Over the years normal female sexuality has walked through fields of thorns and excruciating pains inflicted by culture and ignorance. Elite medical professionals and psychiatrists were the vanguards of bestial cruelty. It was a wide spread medical contempt for very normal female sexuality which was also in public life and literary works.
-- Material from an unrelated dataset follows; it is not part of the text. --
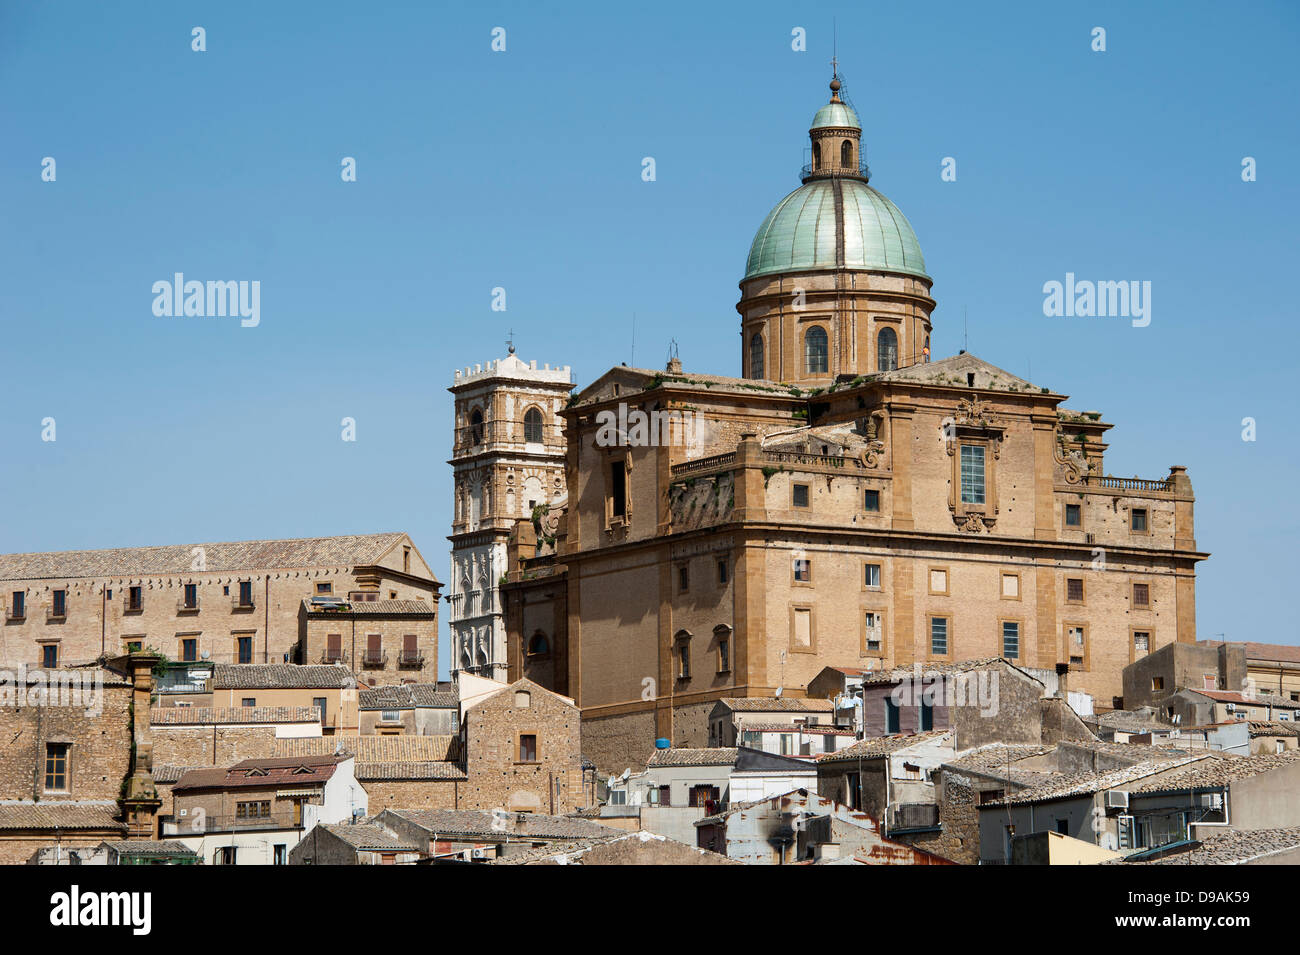 Cathedrale old town Piazza Armerina Province Enna Sicily Italy Dom Kathedrale Altstadt Piazza Armerina Provinz Enna Sizilien Ita Stock Photo

In the nineteenth century it was believed that female masturbation and nymphomania (“intense sexual desire”) were serious abnormality that could progress to masturbatory melancholia (“extreme depression characterized by tearful sadness and irrational fears”), paralysis, blindness and even death. It was psychiatrists and gynaecologists that led the way formulating ludicrous theories and designing cruel remedies. Charles Brown-Séquard a popular endocrinologist (1817-1894) and Isaac Baker Brown (1811-1873) a gynaecologist advocated a surgical operation called clitoridectomy, cutting off the female’s clitoris, as a cure for the “disorder”. Unfortunately, this operation was respected and widely used in many parts of Europe. Isaac Baker Brown became very popular as a foremost clitoridectomy surgeon.
Among his indications for the use of clitoridectomy, Isaac Baker Brown also included epilepsy, catalepsy (“a trancelike state with loss of voluntary motion and failure to react to stimuli”), painful menstruation, heavy menstruation, depression, insanity hysteria and dementia (“mental deterioration of organic or functional origin”). Long after his death in 1873 clitoridectomy continued and took a more frightening dimension. In 1882 Zambaco of Paris, a popular physician, used cautery without anaesthesia to burn out the clitoris of two little girls, 10 and 6 years old, caught masturbating. He used red hot iron from the coals repeatedly on clitoris and once on the buttocks as a punishment. Clitoridectomy may have ceased to be popular in modern medical practice but female circumcision or female genital mutilation presently going on in Africa and other parts of the world is Clitoridectomy with substitute names.
It was a wide spread condemnation of normal female sexuality not only in medical profession but out there among the people and other professions, literary works, on theatres and pulpits. In the nineteenth century, hardly a novel or opera would end without the death of the female who played the part of sex misdemeanour. “In Medieval times people feared three things: the devil; Jews; and women. Female sexuality was a particular source of anxiety for men, an anxiety that continued until the beginning of the twentieth century” says John Studd.
Shortly after the beginning of the twentieth century female sexuality began to foresee better times. People were more enlightened and began to view things in better perspective, including female sexuality. The trauma of the immediate and remote past had resulted in drastic down turn in female sexual desire or libido and inadequate sexual response. This was identified as real disorder, unlike the pseudo disorder of Isaac Brown and Charles Brown-Séquard of the nineteenth century. Loss of libido and inadequate sexual response were identified as Female Sexual Disorder (FSD) or Hypoactive Sexual Desire Disorder (HSDD), disorders that need be treated either by competent sex councillors or with hormones in the form of estrogens and testosterone. Today there are various brands of sex pills and creams to boost or repair the loss of libido and low sexual response in women.
Not only this. Not long ago sex topics were taboo, not to be discussed in private or in public. Women had to silently stand by their men that were suffering erectile dysfunction that could not be discussed anywhere until the blue pills arrived. Today sex topics are discussed on radio and television or in public gatherings. Women are now free to express sexually how they feel. And in case of any problem, there is safe and civilised help anywhere any time.